* INPUT DATA
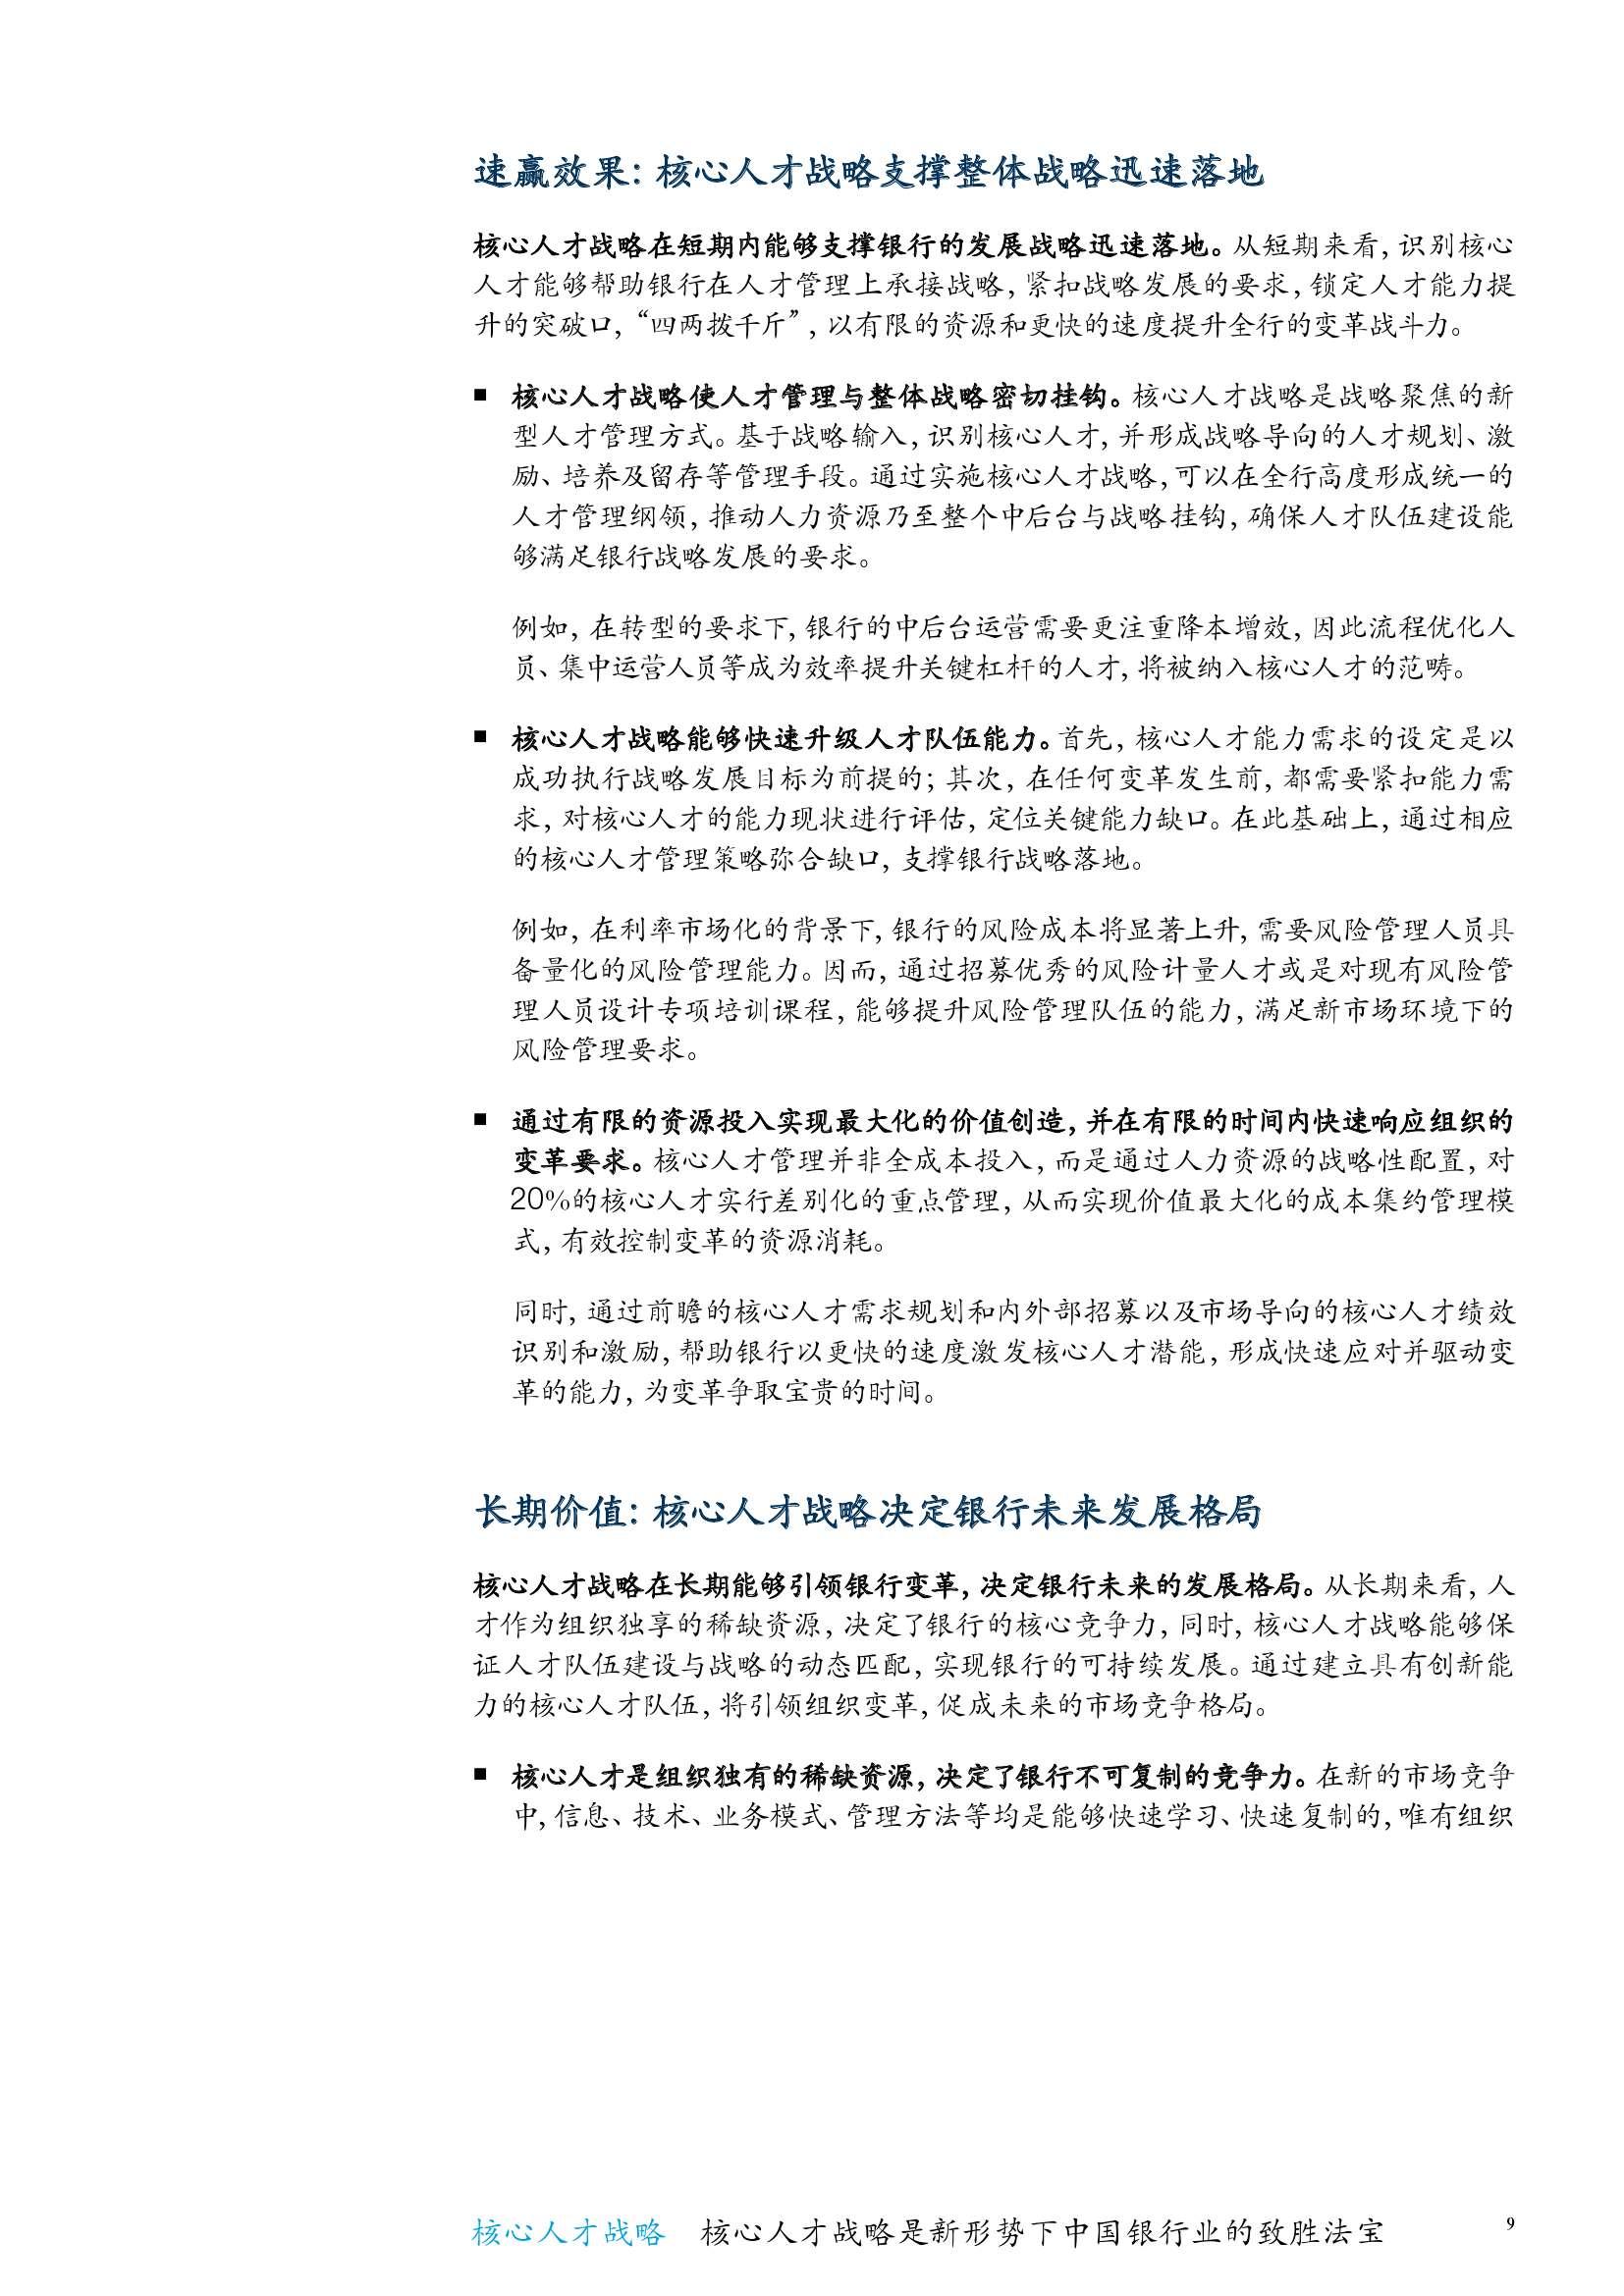 中国银行行业白皮书--核心人才战略4_000015
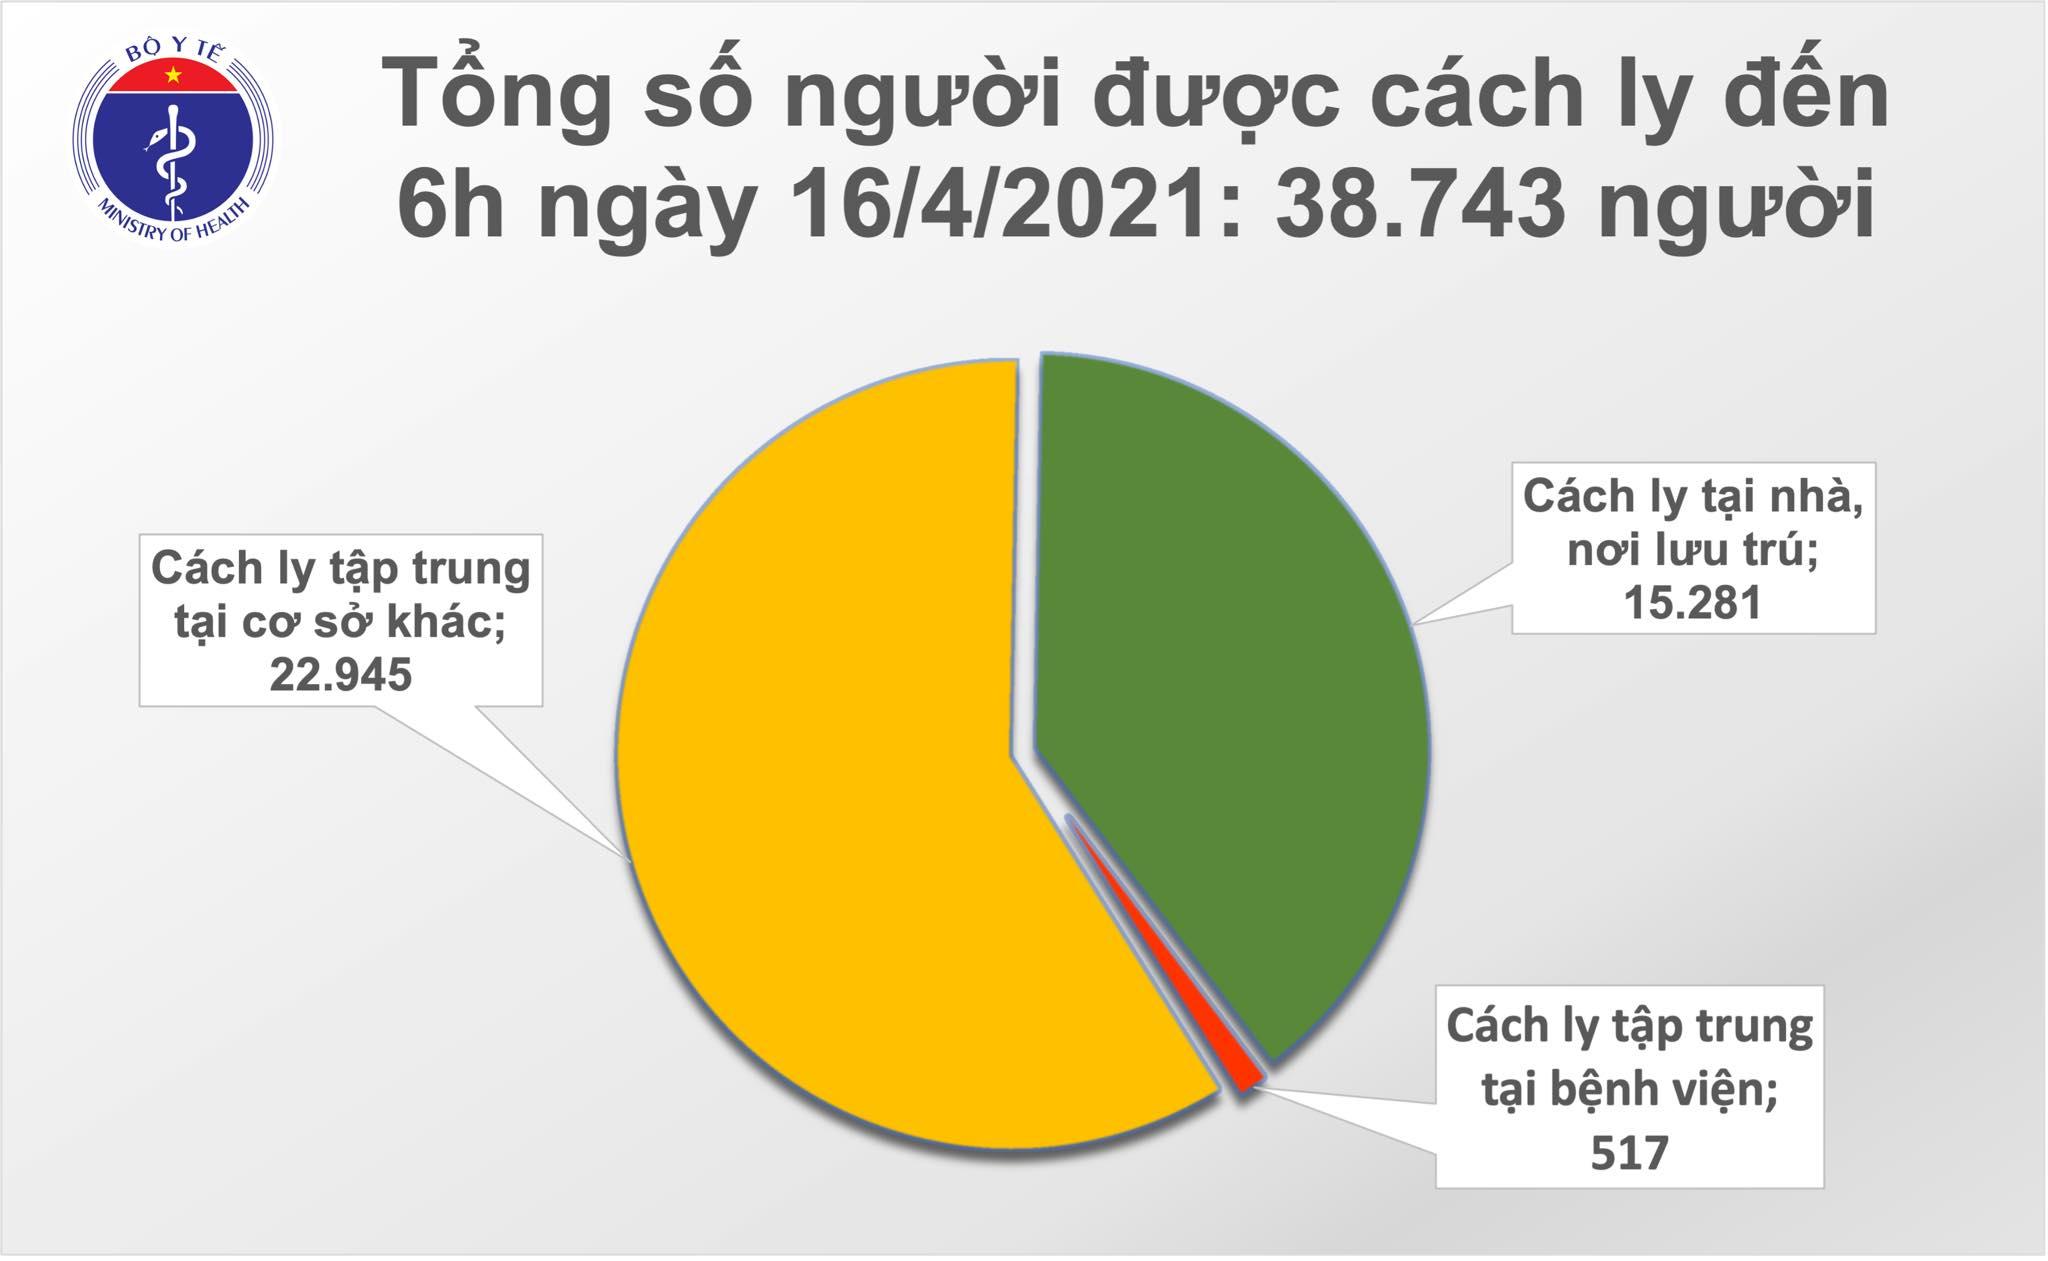 Sáng 16/4: Không ca mắc mới; hơn 63.700 người Việt đã tiêm vắc xin COVID-19 - Ảnh 2.
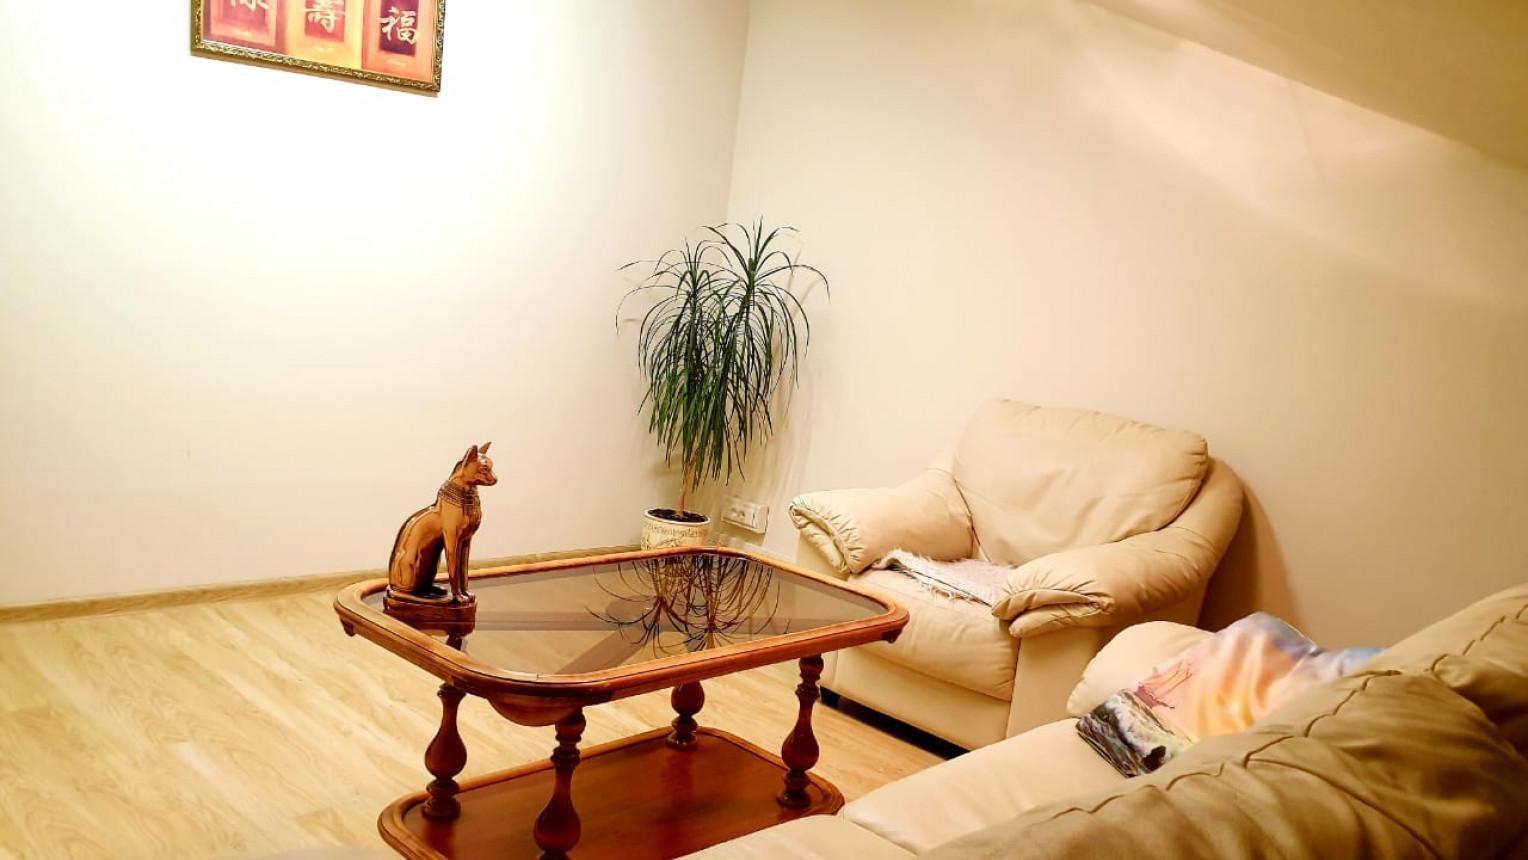 Кабинет для массажа и индивидуальных консультаций - фото №3

* WORK TASK
Transcribe exactly, and without any pictures, each line from the one that holds "Sáng 16/4: Không" through the final line of the material above.

* SOLUTION FOR THIS PROBLEM
 Sáng 16/4: Không ca mắc mới; hơn 63.700 người Việt đã tiêm vắc xin COVID-19 - Ảnh 2.
 Кабинет для массажа и индивидуальных консультаций - фото №3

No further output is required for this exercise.